Minerals of Critical Importance

All the new investments in fossil-free technology will only make it worse than the shortages of crucial minerals mentioned in the note above about electric vehicles.  Solar and wind also use rare earth elements, in addition to large quantities of steel and copper.

Although the increased demand for mining will benefit mining firms, I don’t like the environmental trade-offs involved in mining.  Many mining companies are also exposed to political risks because they operate in unstable countries and have to pay for unsavory regimes. 

  1. You can benefit from rising materials prices without making any moral, political, or environmental compromises by investing in recycling.  Given the expected increase in demand for all sorts of metals, minerals, and other materials, recycling will not be able to meet more than part of the world’s demand for decades to come.  However, this will not stop recycling of all kinds from rapidly expanding the supply of materials and allowing recycling businesses to grow rapidly in size and profitability.

Conclusion

We cannot ignore the tragedy of war in Ukraine. However, investors (green or otherwise) cannot afford to ignore the opportunities and changes it is bringing to the investing environment.

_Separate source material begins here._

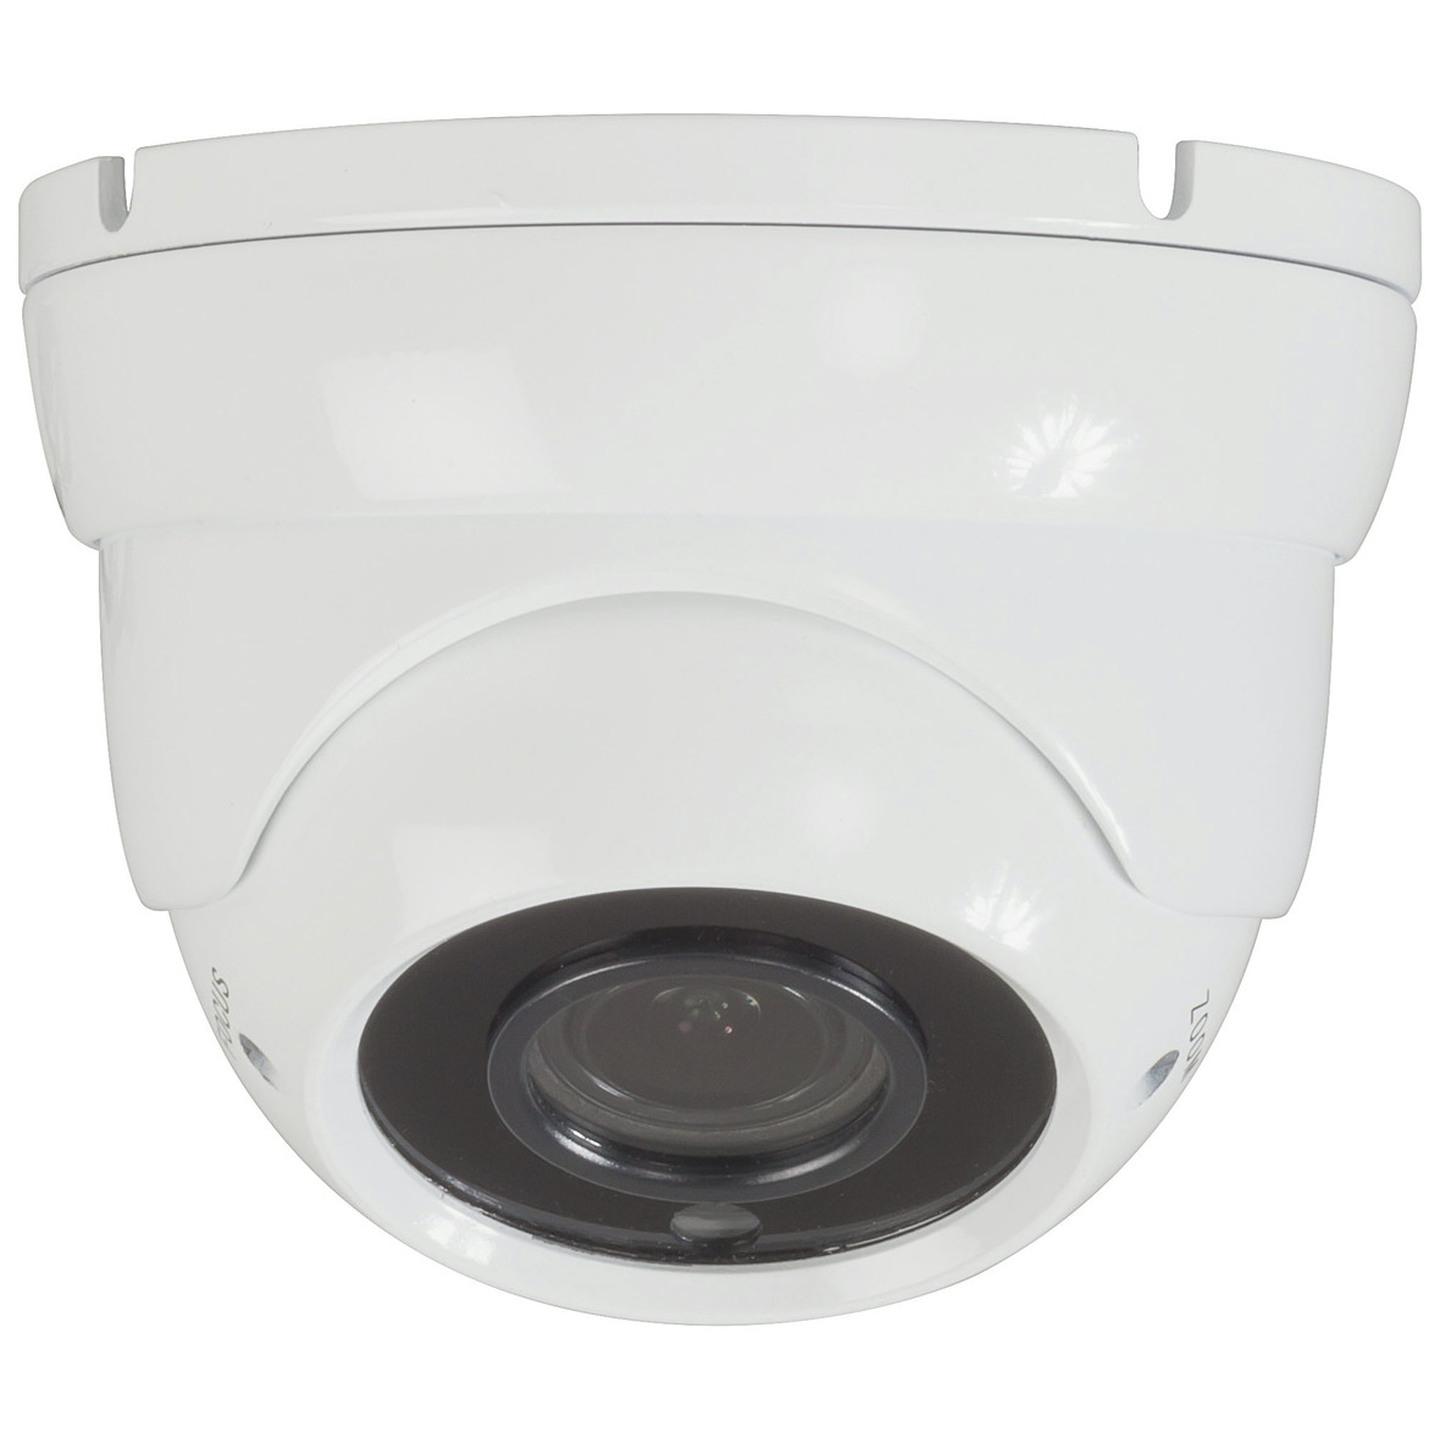 1080p AHD Starlight Dome Camera with Infrared LEDs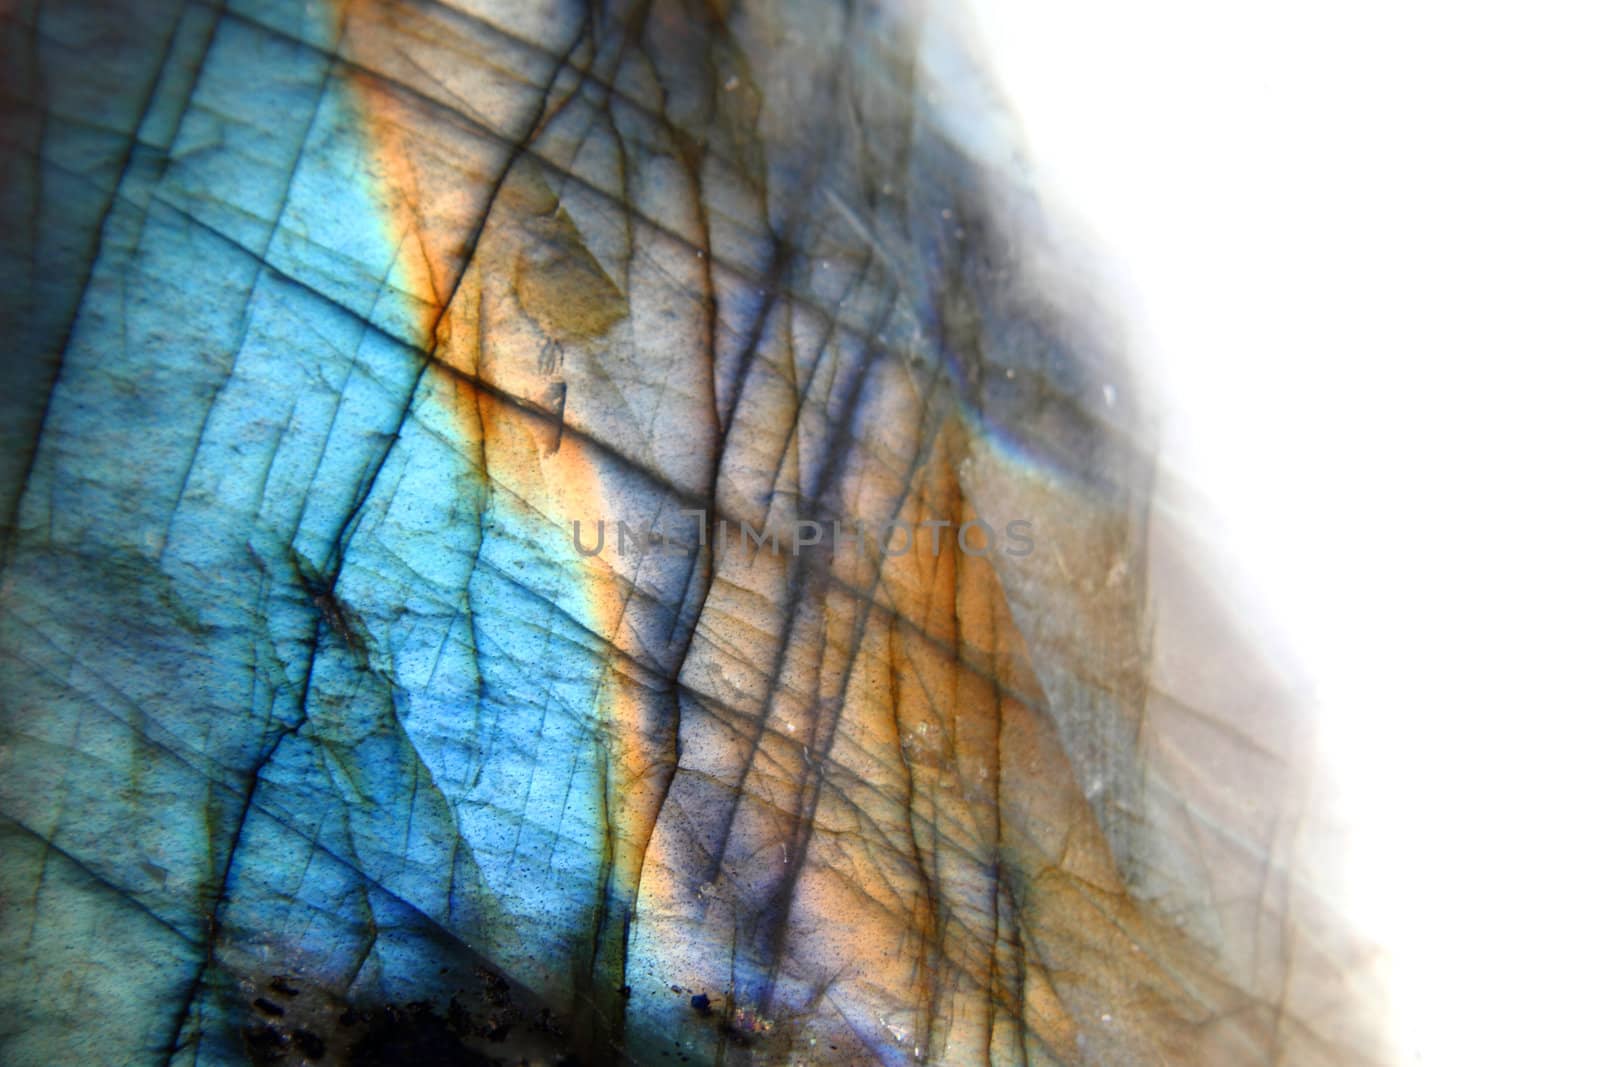 labradorite mineral as very nice natural background

We don’t have moral to compromise to do this, however.

ABOUT: Tom Konrad, Ph.D. CFA, is the Editor at AltEnergyStocks.com as well as the manager of the Foundation Green Income Fund.

DISCLOSURE: None.

DISCLAIMER – Past performance is not a guarantee of future results.  This article contains the current opinions and are subject to change at any time.  This article is intended for informational purposes only. Forecasts, estimates, or other information in this article should not be construed as investment advice.  This information has been compiled from reliable sources but is not guaranteed.